V

Но этим противоречия не исчерпываются.

Возьмем того же подлинного мужика -- на этот раз не Ивана Ермолаевича, а толстовского Платона Каратаева* -- и посмотрим, "какие же это типические, наши народные черты?"... "Жизнь Каратаева, как он сам смотрел на нее, не имела смысла как отдельная жизнь. Она имела смысл только как частица целого, которое он постоянно чувствовал. Привязанностей, дружбы, любви, как понимал их Пьер, Каратаев не имел никаких, но он любил и любовно жил со всем, с чем его сводила жизнь, и в особенности с человеком"... "... Эта, не имеющая смысла, жизнь, -- комментирует Успенский, -- не любя никого отдельно, ни себя, ни других, годна на все, с чем сталкивает жизнь... Все может сделать Платон: "возьми и свяжи"... "возьми и развяжи", "застрели", "освободи", "бей" -- "бей сильнее" или "спасай", "бросайся в воду, в огонь для спасения погибающего", -- словом, все, что дает жизнь, все принимается, потому что ничто не имеет отдельного смысла, ни я, ни то, что дала жизнь"... (II, 673.)

Да, все может сделать Платон: и развязать, и связать, и утопить, и спасти утопающего. В этом и состоит (по Марксу) идиотизм той жизни, которая создала и воссоздает Платона. Пока Платон мог жить и жил жизнью замкнутой в себе общины, до тех пор "идиотизма" не было: внутри общины все было пригнано, "как в галке", одно к одному, все было связно, цельно, уместно. С нашей точки зрения, мы, конечно, не можем видеть в этой зоологической цельности и законченности ничего привлекательного, заманчивого, обещающего успокоение и исцеление истерзанной душе. Но дело не в этом, а в том, что, с тех пор как русская земля стала есть, община входила в состав общегосударственной жизни, служа ей фундаментом. И в тех именно отношениях, в какие становится крестьянин к миру, начинающемуся за деревенской околицей, проявляется во всем своем грозном смысле особенный характер его жизни. Природа "учит его признавать власть, и притом власть бесконтрольную, своеобразную. Терпи, Иван Ермолаевич. И Иван Ермолаевич умеет терпеть, терпеть не думая, не объясняя, терпеть беспрекословно". (II, 546, 547.) "В результате ржаной науки -- "повинуйся" и "повелевай" до такой степени прочно вбиты природою в сознание Ивана Ермолаевича, что их оттуда не вытащишь никакими домкратами". (II, 549.)

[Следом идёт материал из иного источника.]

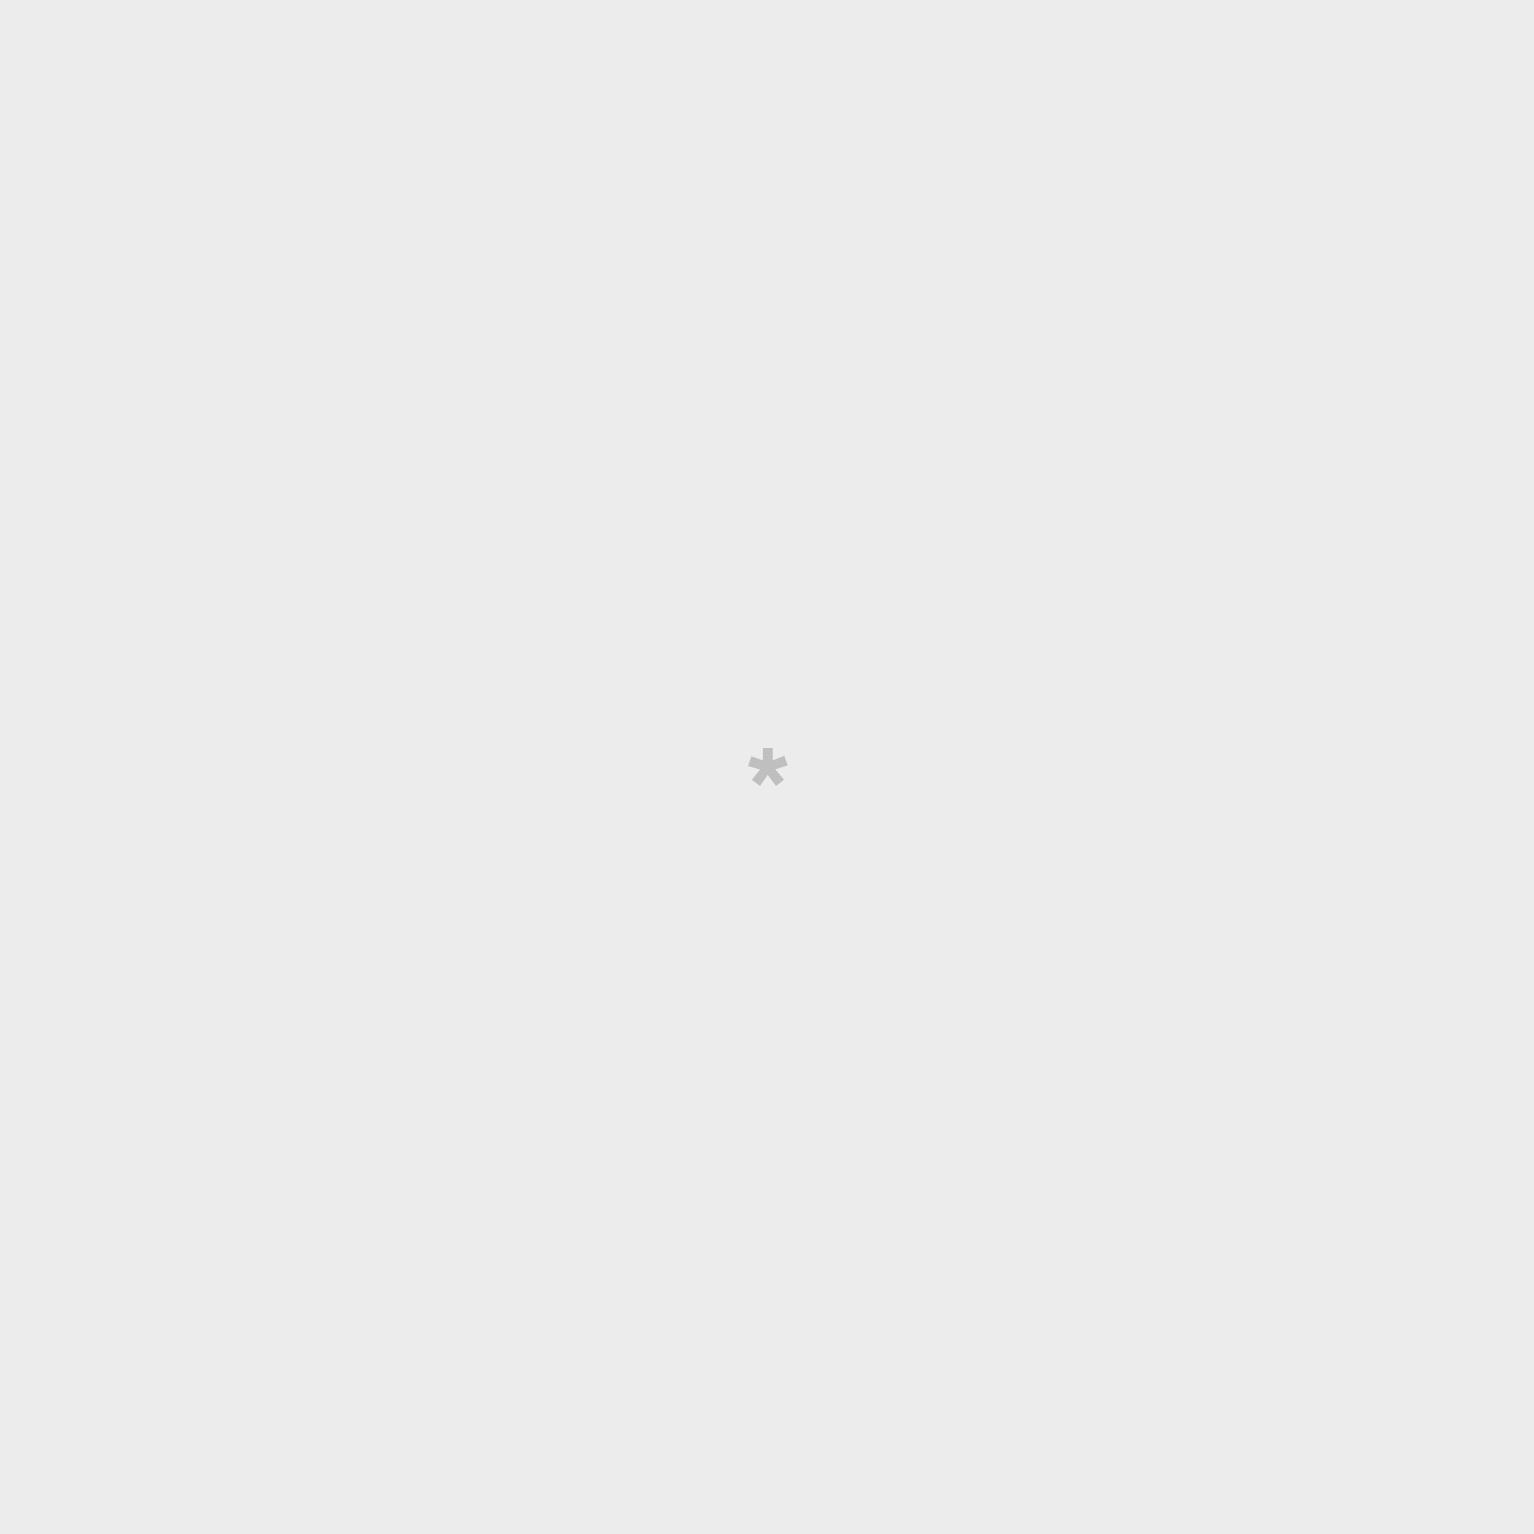 Agenda clásica 2021-2022 Día por página - Todo lo bueno que me espera

Итак, ясно: наука ржаного поля годна и применима, цельна и даже привлекательна -- в пределах практики ржаного поля, но и только... "Иван Ермолаевич, безропотно покоряясь напору чуждых ему влияний и в то же время упорно стремясь осуществить свои земледельческие идеалы в том самом виде, в каком они были выработаны при отсутствии давления нового времени, чувствует себя весьма нехорошо и вырабатывает -- конечно, будучи в этом вполне невиновен -- взгляды на окружающее вполне непривлекательные". (II, 559; курсив мой. Л. Т.)

С одной стороны, "зоологическая правда" крестьянской жизни является для Успенского единственным прибежищем, единственной надеждой, единственным оазисом среди безбрежности всечеловеческого зла и насилия; миросозерцание "десятков миллионов, ежедневно слушающих мать-природу", есть единоспасающее миросозерцание; промотать этот драгоценный перл значит ввергнуть себя в бездну полного социального и морального банкротства. С другой стороны, оказывается, что единоспасающий тип крестьянского миросозерцания, воспитанного под командой "травки зелененькой", имеет свой необходимый "корректив" в типе "хищника для хищничества".

Где же выход? Остается, очевидно, либо героически отказаться от зоологической правды "ржаного поля" со всеми необходимо дополняющими, но отнюдь не украшающими ее правовыми и иными явлениями, -- и поискать выхода где-нибудь за пределами крестьянского жизненного уклада, либо принять его со всем тем, что -- по словам самого Успенского -- необходимо из этого уклада вытекает. Успенский не остановился ни на одном из них: он призвал на помощь народническую утопию. Необходимо сохранить уклад земледельческой жизни во что бы то ни стало, но вместе с этим необходимо освободить этот уклад из-под гнета "хищников и виртуозов терзания". Кто же совершит это трудное дело? Сам крестьянин, представитель правды земледельческого труда? Куда уж! Но если не крестьянин, то кто же? Не сам ли виртуоз хищничества откажется от своего растленного ремесла и, подобно волку райских селений, мирно возляжет рядом с овцою? Но на такую чудесную метаморфозу надежды, разумеется, еще менее. Остается поискать "способов" вне обеих заинтересованных групп. Но где именно?


* Л. Н. Толстой. "Война и Мир". Ред.